Unless otherwise indicated by us, forward-looking statements in this report describe our expectations at November 10, 2009. Except as may be required by Canadian securities laws, we do not undertake any obligation to update or revise any forward-looking statement, whether as a result of new information, future events, or otherwise.

Forward-looking statements, by their very nature, are subject to numerous risks and uncertainties and are based on several assumptions which give rise to the possibility that actual results could differ materially from our expectations expressed in or implied by such forward-looking statements and that our business outlook, objectives, plans, strategic priorities and other statements that are not historical facts may not be achieved. As a result, we cannot guarantee that any forward-looking statement will materialize. Factors that could cause actual results or events to differ materially from those expressed in or implied by our forward-looking statements include: general economic and credit market conditions; foreign exchange rates; commodity prices; the level of customer confidence and spending, and the demand for, and prices of, our products and services; our dependence on the continued market acceptance of Caterpillar's products and Caterpillar's timely supply of parts and equipment; our ability to continue to implement our cost reduction initiatives while continuing to maintain customer service; the intensity of competitive activity; our ability to raise the capital we need to implement our business plan; regulatory initiatives or proceedings, litigation and changes in laws or regulations; stock market volatility; changes in political and economic environments for operations outside Canada. Forward-looking statements are provided in this report for the purpose of giving information about management's current expectations and plans and allowing investors and others to get a better understanding of our operating environment. However, readers are cautioned that it may not be appropriate to use such forward-looking statements for any other purpose.

Forward-looking statements made in this report are based on a number of assumptions that we believed were reasonable on the day we made the forward-looking statements. Refer in particular to the Market Outlook section of the MD&A. Some of the assumptions, risks, and other factors which could cause results to differ materially from those expressed in the forward-looking statements contained in this report are discussed in the Company's 2008 Annual Information Form (AIF) on pages 31-44.

We caution readers that the risks described in the AIF are not the only ones that could impact us.
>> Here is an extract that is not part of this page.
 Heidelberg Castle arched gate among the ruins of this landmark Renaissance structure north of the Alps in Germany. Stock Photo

Additional risks and uncertainties not currently known to us or that we currently deem to be immaterial may also have a material adverse effect on our business, financial condition, or results of operations.
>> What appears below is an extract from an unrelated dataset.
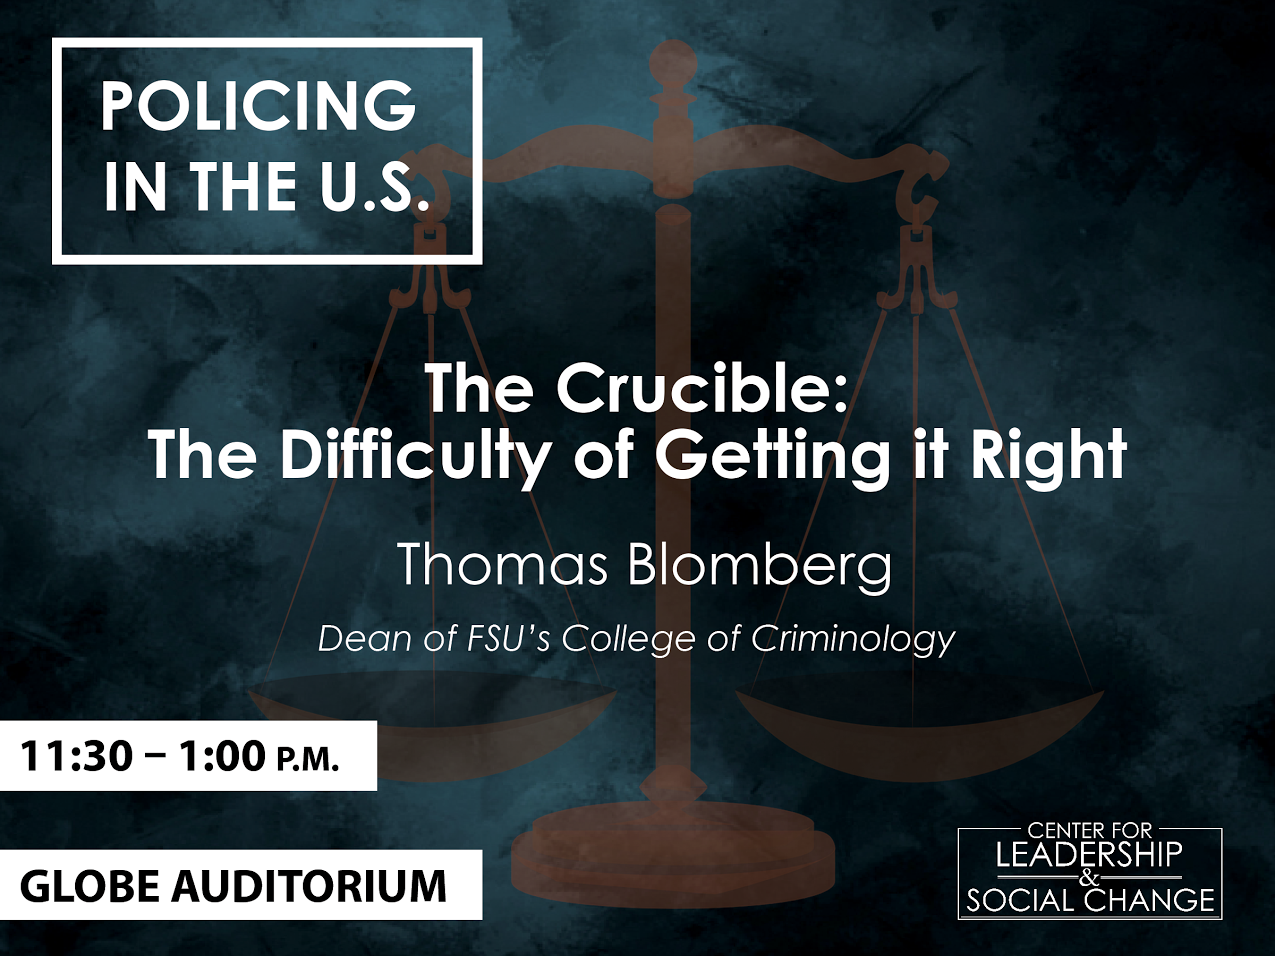 Policing in the U.S.: The Crucible: The Difficulty of Getting it Right; Globe Auditorium (11:30 a.m. - 1:30 p.m.)

Except as otherwise indicated by us, forward-looking statements do not reflect the potential impact of any non-recurring or other unusual items or of any dispositions, mergers, acquisitions, other business combinations or other transactions that may be announced or that may occur after the date hereof. The financial impact of these transactions and non-recurring and other unusual items can be complex and depends on the facts particular to each of them. We therefore cannot describe the expected impact in a meaningful way or in the same way we present known risks affecting our business.